Field efficacy of 5c in a foliar application against cotton aphid (A. gossypii) on potato

The field trial was conducted in a potato field of Misawa City, Aomori Prefecture in Japan as a non-disclosed trial conducted by the Institute of Japan Plant Protection Association. The WP formulation, including 5% (w/w) active ingredient, was prepared and used in the same way as the field trial against B. brassicae. The determined amount of diluted solution of 5c WP in water was applied to potatoes infested with cotton aphids.

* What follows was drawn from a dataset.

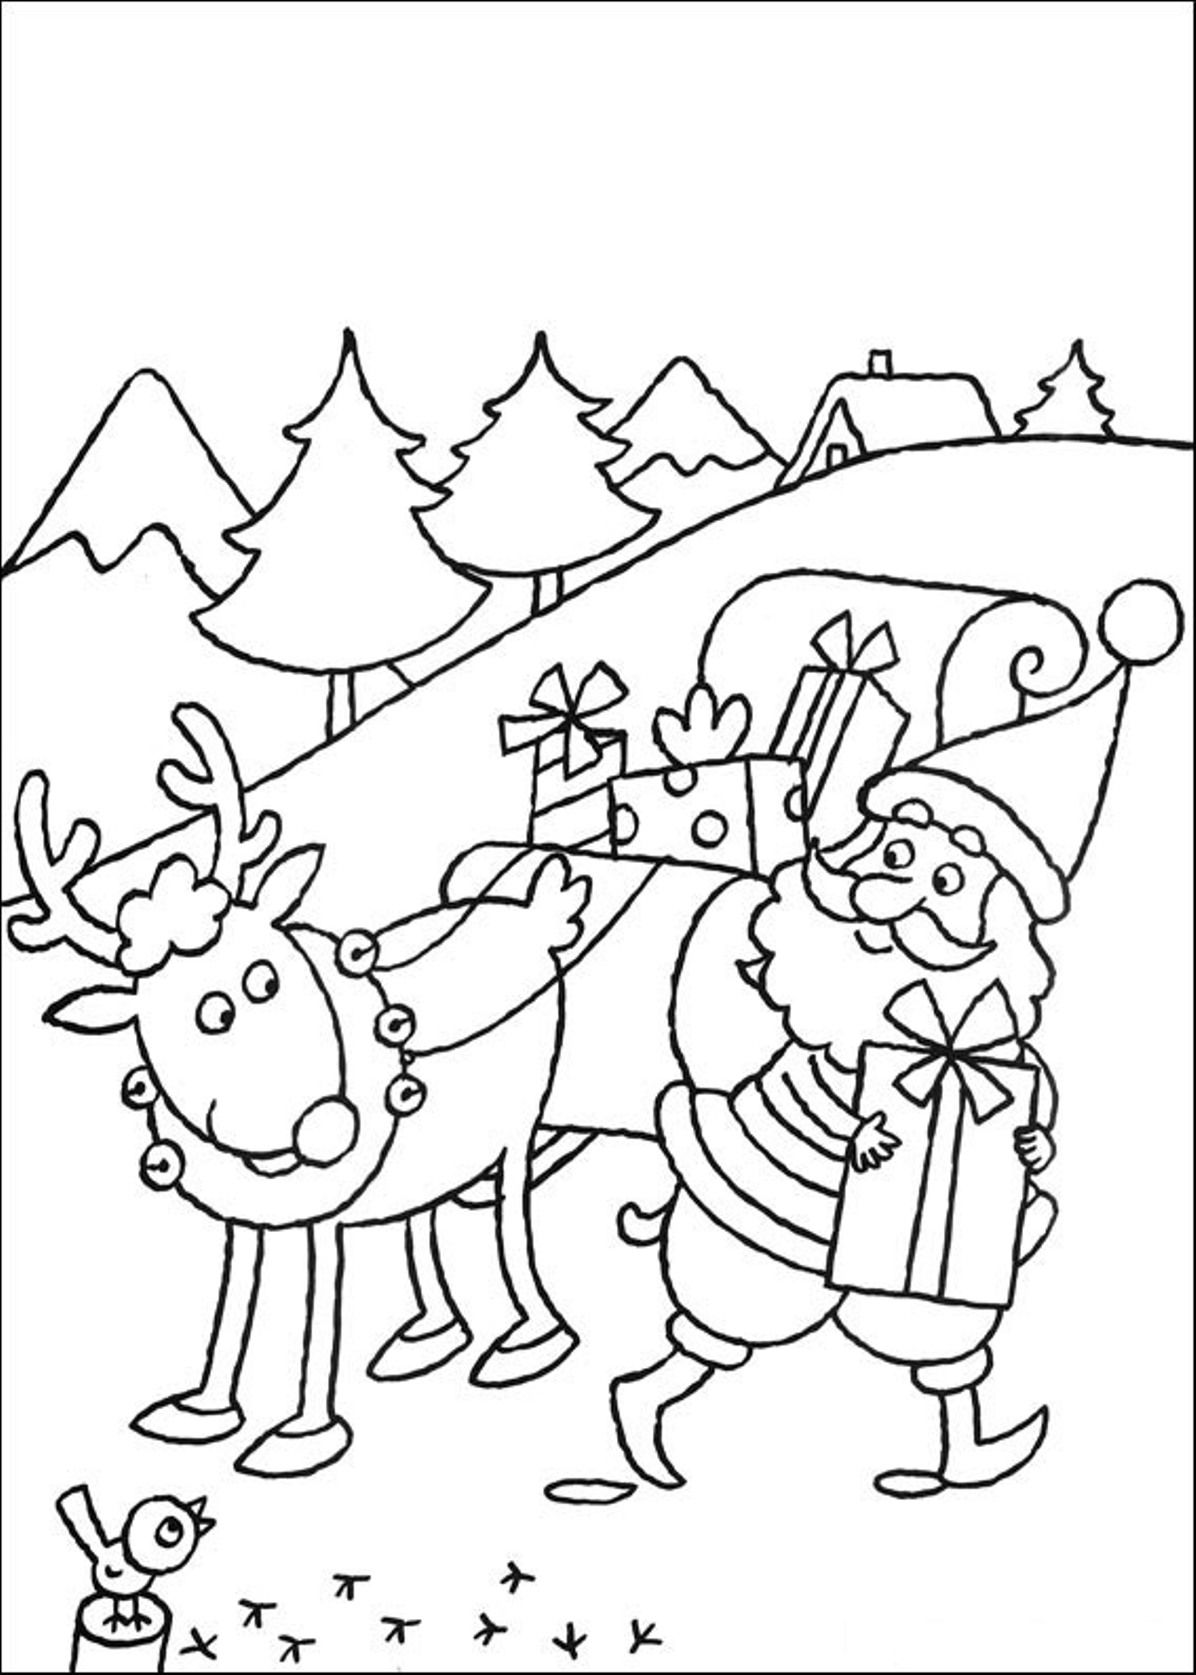 Coloring Pages Of Santa S 9 Reindeer - Coloring

Before application and at 2, 7 and 14 days after application, the numbers of aphids were counted in each plot. The corrected density index and percentage of control were calculated by the same formulae as the field trial against cabbage aphid.